Vernik is a village in the former Qendër Bilisht Municipality of the Korçë County in Albania, on the border with Krystallopigi in Greece. At the 2015 local government reform it became part of the municipality Devoll. It is situated south of the Small Prespa Lake.

History

In 1873, then under the Ottoman Empire, the village was listed twice in a demographic survey, once as a Verlink, containing 86 households and 220 male Bulgarians, and again as Vrbnik, containing 70 households and 205 male Muslims. According to another late 19th century estimate by Vasil Kanchov, the village had 600 Bulgarian Christians.

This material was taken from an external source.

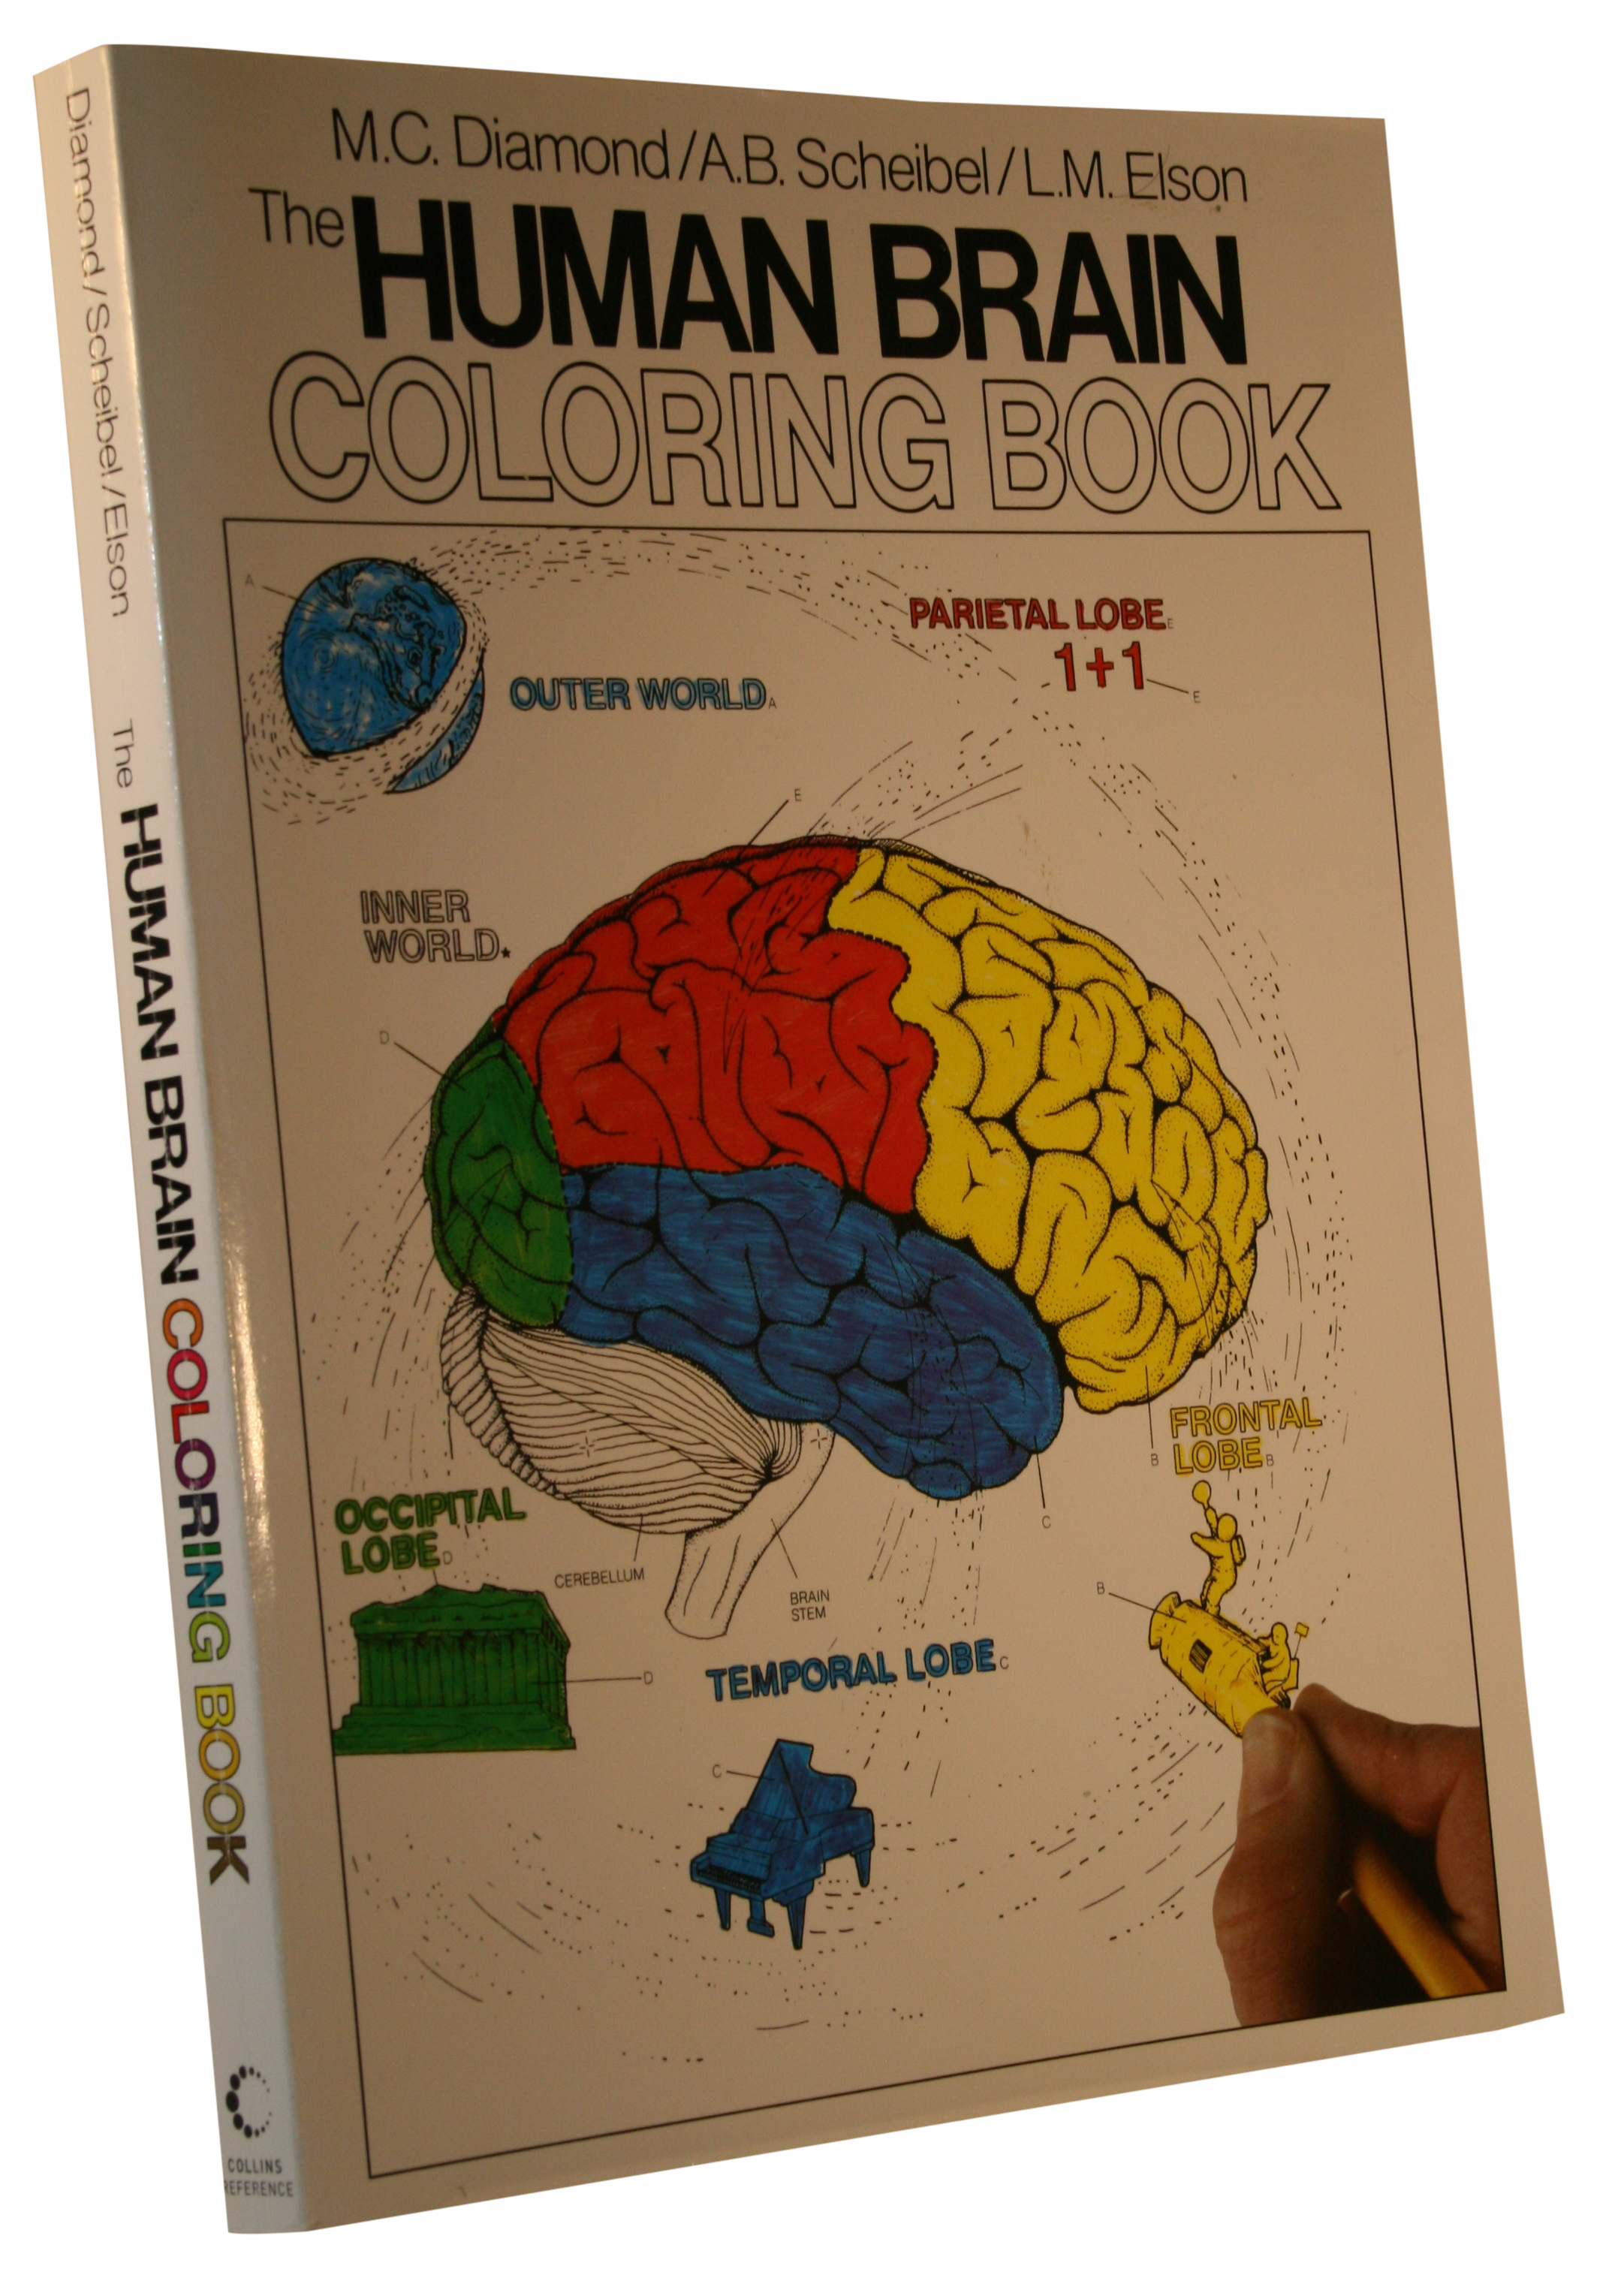 The Human Brain Coloring Book.
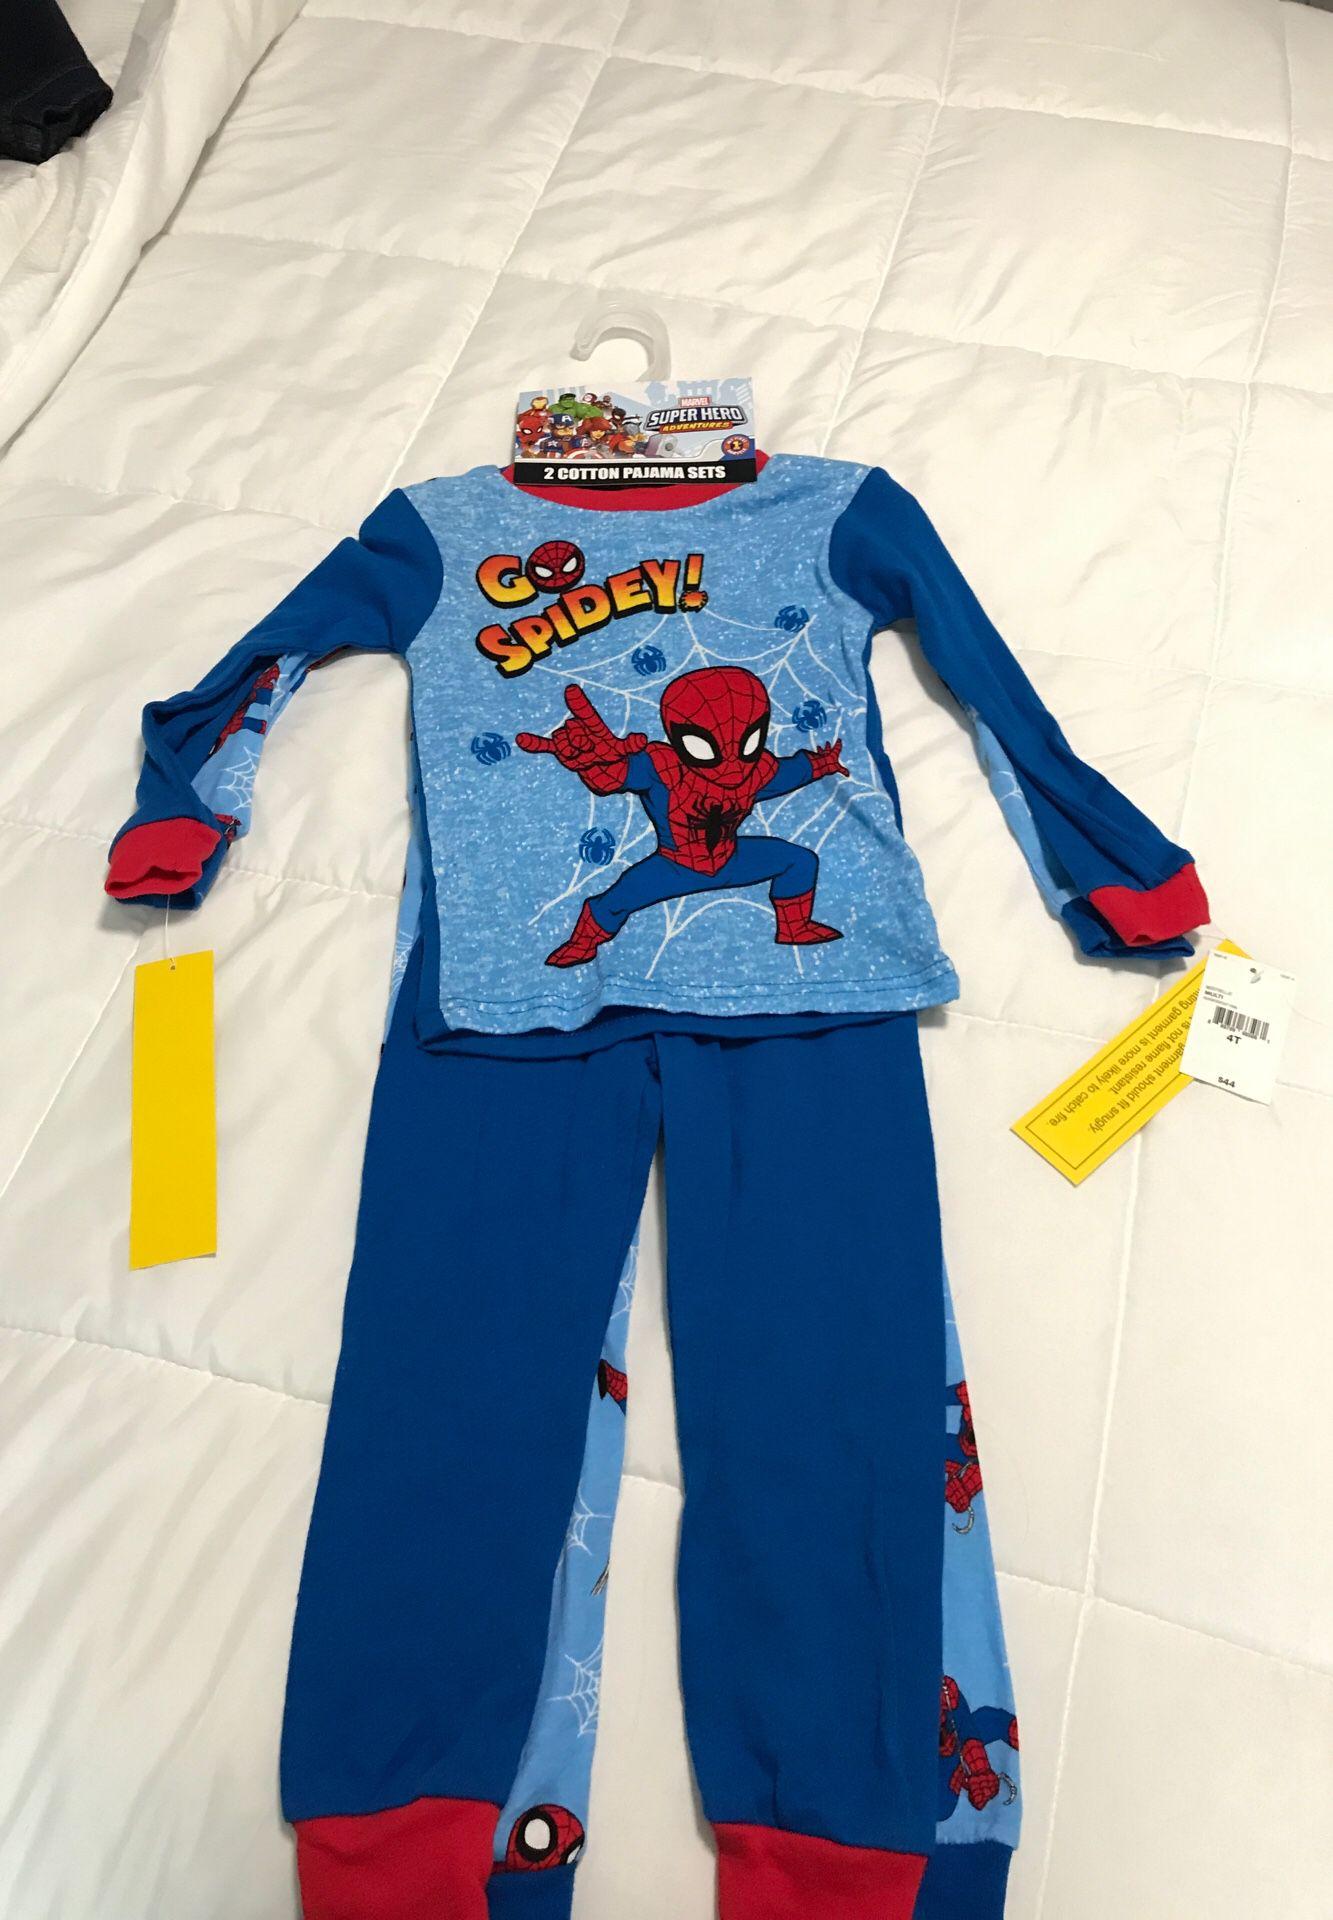 2 Spider-Man pajama sets

In 1903, during the Ilinden Uprising, all 80 of the village's houses were burnt down. The population of the village was under the supremacy of the Bulgarian Exarchate since 1904.
At the outbreak of the First Balkan War, Vernik sent six volunteers to join the Macedonian-Adrianopolitan Volunteer Corps.
During World War I, the village was part of Greece. In the 1913 and 1920 censuses, it had 489 and 366 residents, respectively.
In 1939, on behalf of 70 Bulgarian houses in Vrbnik the revolutionary Nikola Pandovski signed a request by the local Bulgarians to the Bulgarian tsaritsa Giovanna requesting her intervention for the protection of the Bulgarian people in Albania - at that time an Italian protectorate.
Demographics
The Kostur dialect of the Macedonian language is spoken in the village.
Due to religion having an influence on identity Macedonians of Vërnik view Orthodox Albanians as nash while Macedonian-speaking Muslims are not viewed as nash.